Responses of a sample of doctors, dieticians, and personal trainers to the question “When somebody loses weight, where does it go?” (Correct answer CO2). – Image: BMJ
Ruben Meerman, a physicist and Australian TV science presenter and the first author of the paper lost 15 kilograms in 2013 and simply wanted to know where those kilograms were going. “After a self-directed, crash course in biochemistry, I stumbled onto this amazing result,” he told University of New South Wales. “The fact that almost nobody could answer it took me by surprise, but it was only when I showed Andrew Brown, [head of the School of Biotechnology and Biomolecular Sciences, UNSW] my calculations that we both realised how poorly this topic is being taught.”
Lifting the veil on weight loss, the authors point out that a person weighing 70 kg spending a day asleep, at rest, and performing light activities would exhale 0.74 kg of carbon dioxide; the carbon lost from the body is 203 g.
By exercising for one hour such that his metabolic rate is seven times that of resting would allow the person to remove an additional 39 g of carbon. So the total carbon removed from the body works out to 240 g.
One of the most frequently asked questions the authors have encountered is whether simply breathing more can cause weight loss. The answer is no.

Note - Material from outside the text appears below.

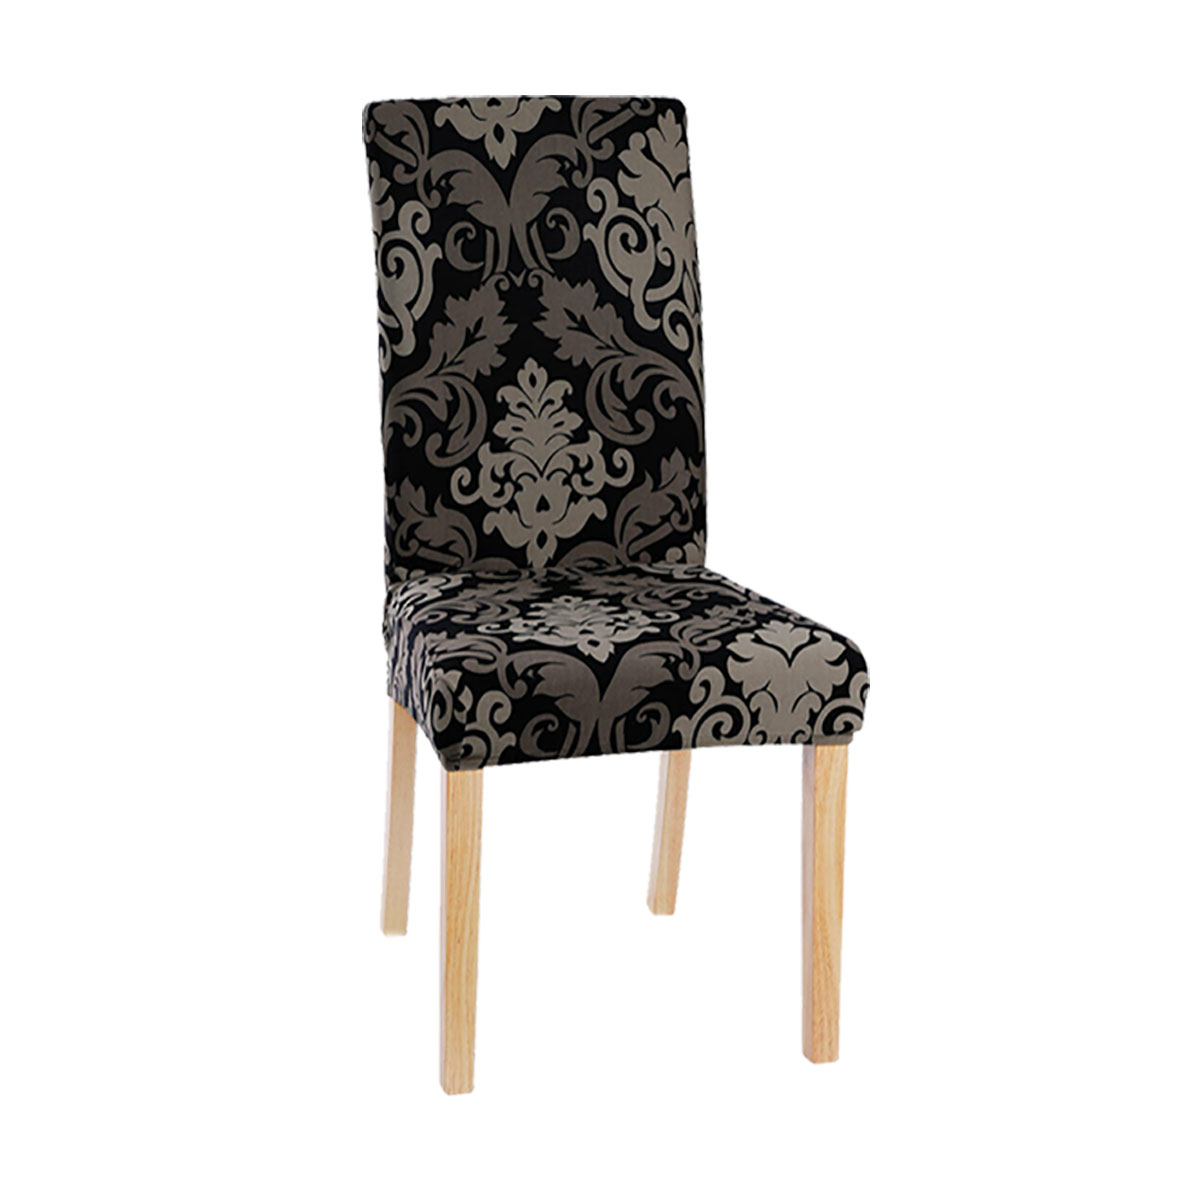 Velvet Dining Chair Seat Covers Spandex Slip Banquet Home Protective
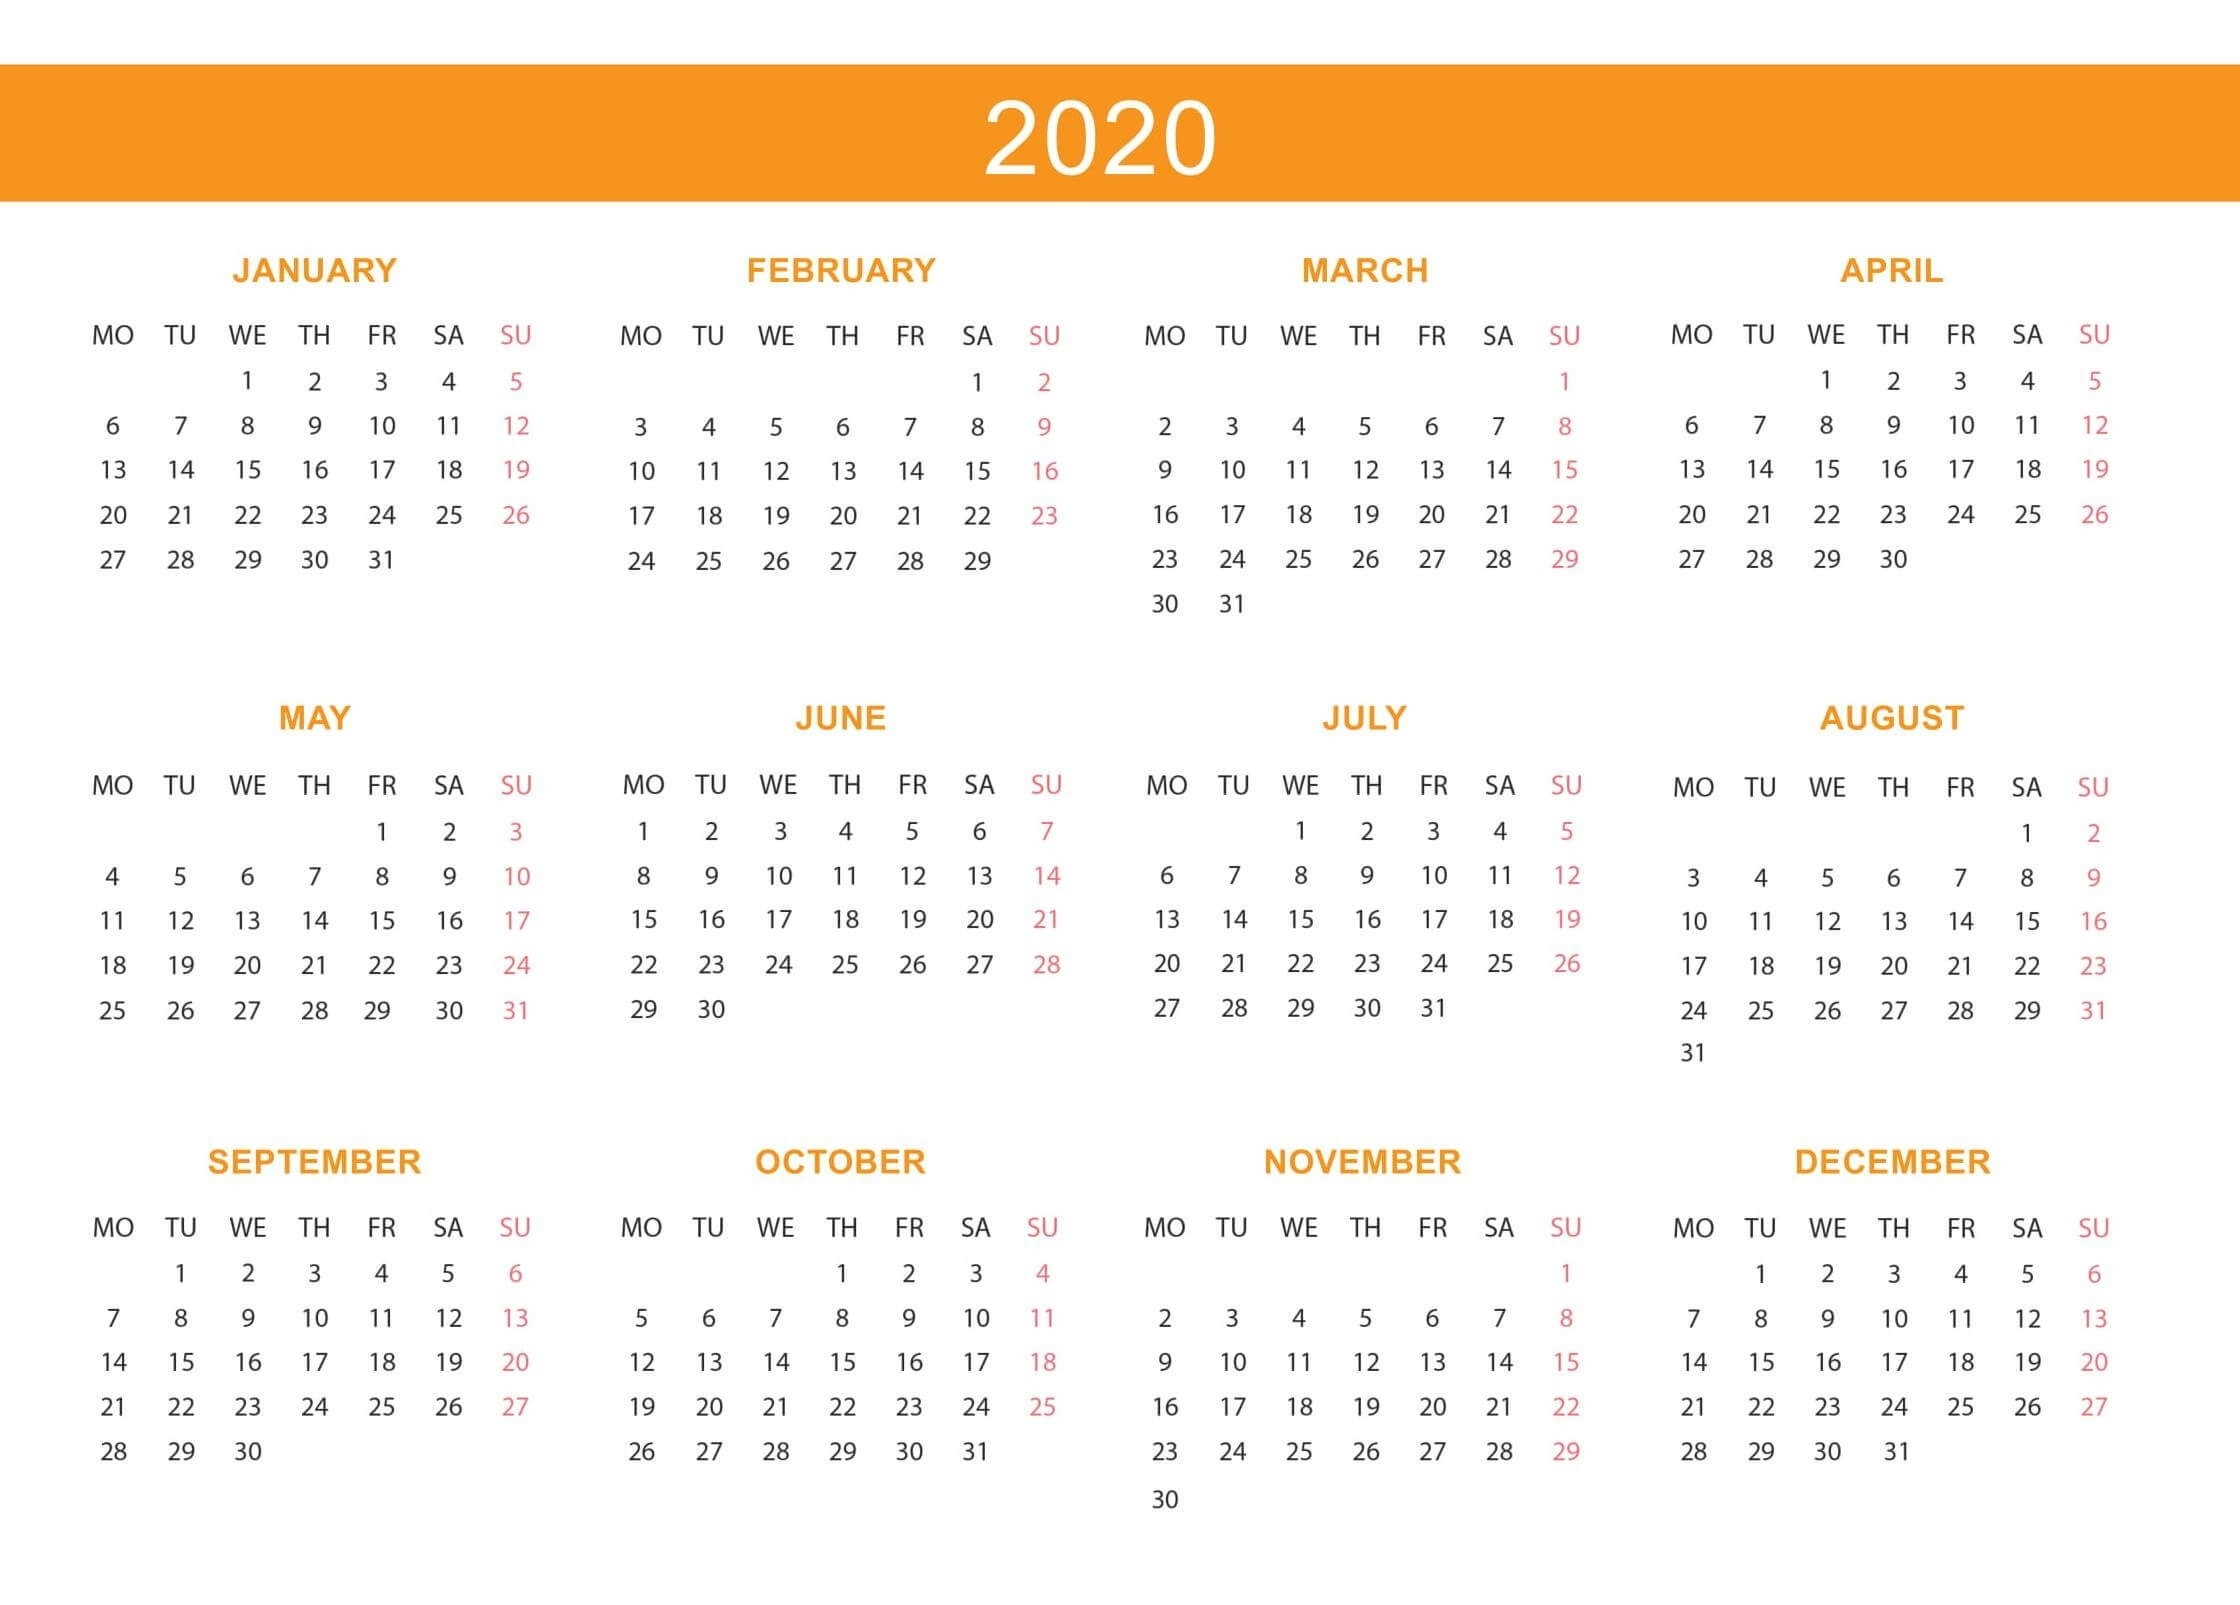 Free Yearly Calendar 2020 With Notes - 2019 Calendars For School Calendar 2020 South Africa

Breathing more than required by a person’s metabolic rate leads to hyperventilation, which can result in dizziness, palpitations and loss of consciousness, notes a University press release.
Alas, eating a single 100 g muffin would meet 20 per cent of his daily energy requirement. “Physical activity as a weight loss strategy is, therefore, easily foiled by relatively small quantities of excess food,” they underline.